Combining PLK1i and PARPi enhances the DNA damage effect of MMS and reduces the viability of BRCA2-deficient HGSOC with KRAS amplification. (A)—Treatment schedule: KURAMOCHI cells were EdU labeled and pulse-treated with MMS (0.5 mM) for 1 h. The cells were released in EdU-containing medium for 4 h, then treated with the single agents or combined for 24 h in the presence of EdU. γ-H2AX foci were analyzed in EdU-negative G2 phase cells. (B) EdU-positive cells were identified as S phase cells, whereas EdU-negative cells were classified as G1 (small DNA content) or G2 (large DNA content). (C) IF images show KURAMOCHI cells with γ-H2AX foci and negative EdU staining at 24 h post-treatment. (D) Quantification of γ-H2AX foci 24 h post-treatment.
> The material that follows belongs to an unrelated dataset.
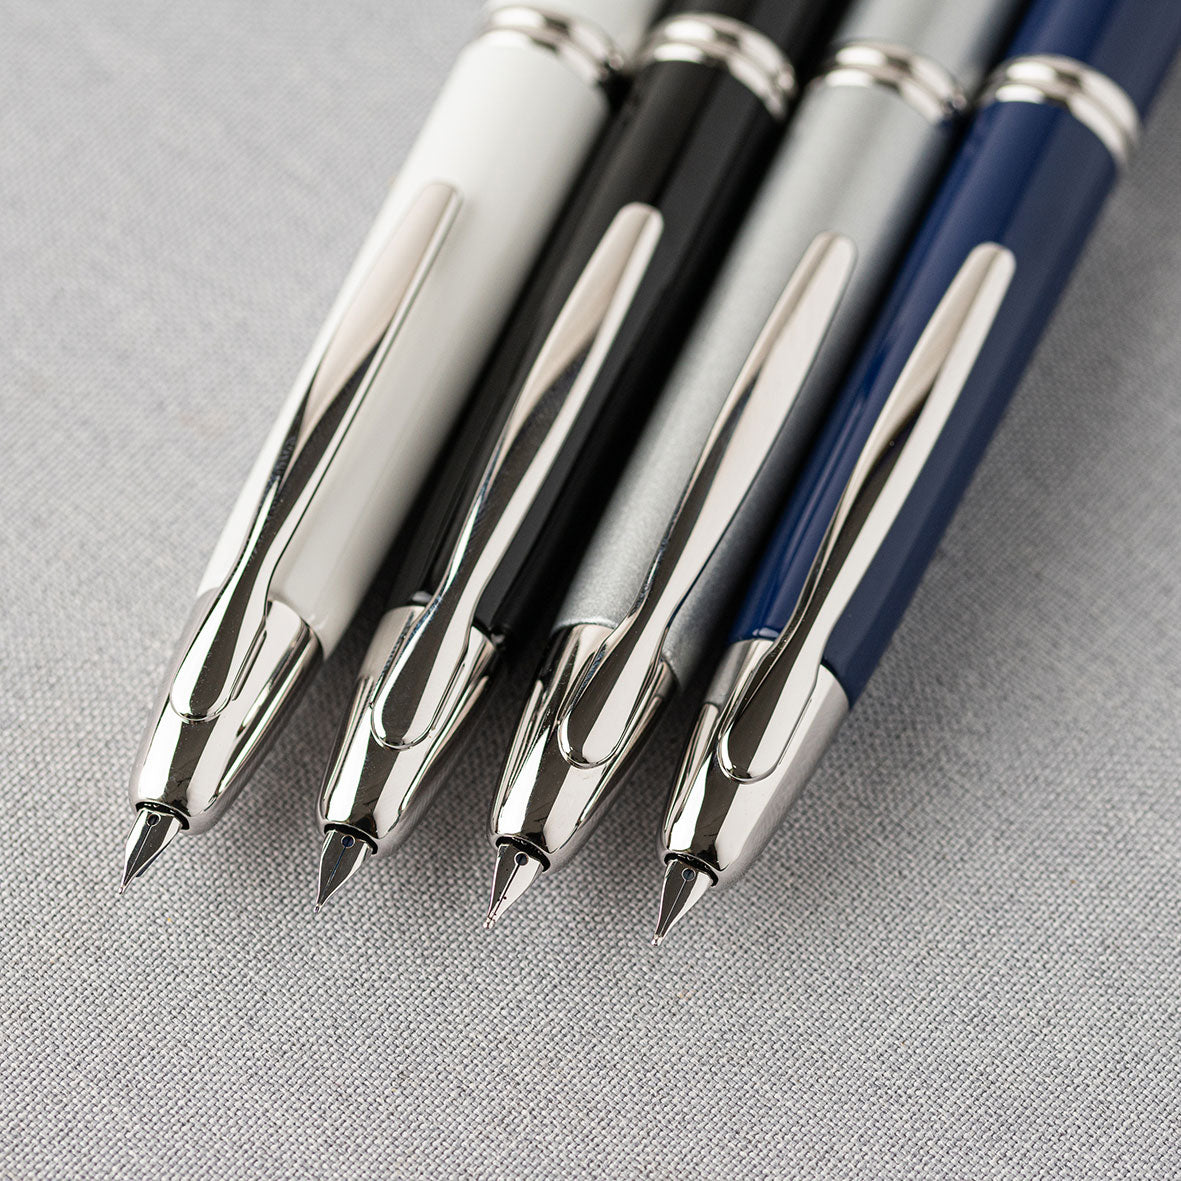 Pilot - Fountain Pen - Capless - Blue (Silver Trim)

The results are presented as mean ± SEM (n = 50 cells per treatment, p ≤ 0.001). (E) Cell death was assessed in treated KURAMOCHI cells as in (A) by quantifying the sub-G1 phase after 72 h. The results are presented as mean ± SD. (n = 3, p ≤ 0.001). (F) Treatment schedule: KURAMOCHI and OVSAHO cells were pulse-treated with MMS (0.5 mM) for 1 h on day 1. Following this, cells were sequentially treated with Olaparib (5 µM) on day 2 and BI6727 (20 nM) on day 3. Cells were harvested and counted 7 and 9 days upon the completion of the combination treatment. (G,H) Growth kinetics of KURAMOCHI and OVSAHO cells treated with the different single agents and in combinations over 7 and 9 days. The results are presented as mean ± SD. (n = 3, *** p ≤ 0.001, ** p ≤ 0.01, * p ≤ 0.05).

Figure 5

PLK1i and PARPi mediate sensitivity to HR-deficient HGSOC with KRAS amplification to Carboplatin. KURAMOCHI cells were treated with increasing concentrations of Carboplatin, 1 µM to 20 µM. Cells were harvested after 48 h. Cell lysates were prepared for Western blot using the indicated antibodies (A), and the cell cycle distribution of treated cells was analyzed using FACS (B). (C) Treatment schedule: KURAMOCHI cells were treated with Carboplatin (3 µM) on day 1. Following this, cells were sequentially treated with Olaparib (10 µM) on day 2 and BI6727 (20 nM) on day 3. Cells were harvested 24 h (day 4) and 48 h (day 5) after completion of the combinatorial treatments, and further experiments were carried out. (D,E) Apoptosis was first assessed by measuring Caspase 3/7 activity in cell lysates of cells incubated with the different single or combinatorial treatments and by measuring cell death after 24 h and 48 h using Annexin V/AAD. The results are presented as mean ± SD. (n = 3, p ≤ 0.05). (F) Cell lysates of KURAMOCHI cells treated with single agents or combinations, as in (C), were prepared for Western blot using the indicated antibodies.

Figure 6

PARPi and PLK1i combination strongly enhances apoptosis-dependent death of patients-derived tumor cells. (A–C) Primary tumor cells of patients were treated with increasing concentrations of Olaparib, BI6727, and Carboplatin as single agents or combinations (D–F). The cell viability was determined after 48 h, and the IC₅₀ of the different agents was calculated. (G,H) 3D cultures grown from tumor cells of patients were treated with 10 µM Olaparib, 20 nM BI6727, and 100 µM Carboplatin as single or combinatorial treatments for 8 days. Cells were stained, and the fraction of dead cells was quantified using immunofluorescence. The results are presented as mean ± SD and statistically analyzed (n = 5, p ≤ 0.001, p ≤ 0.01).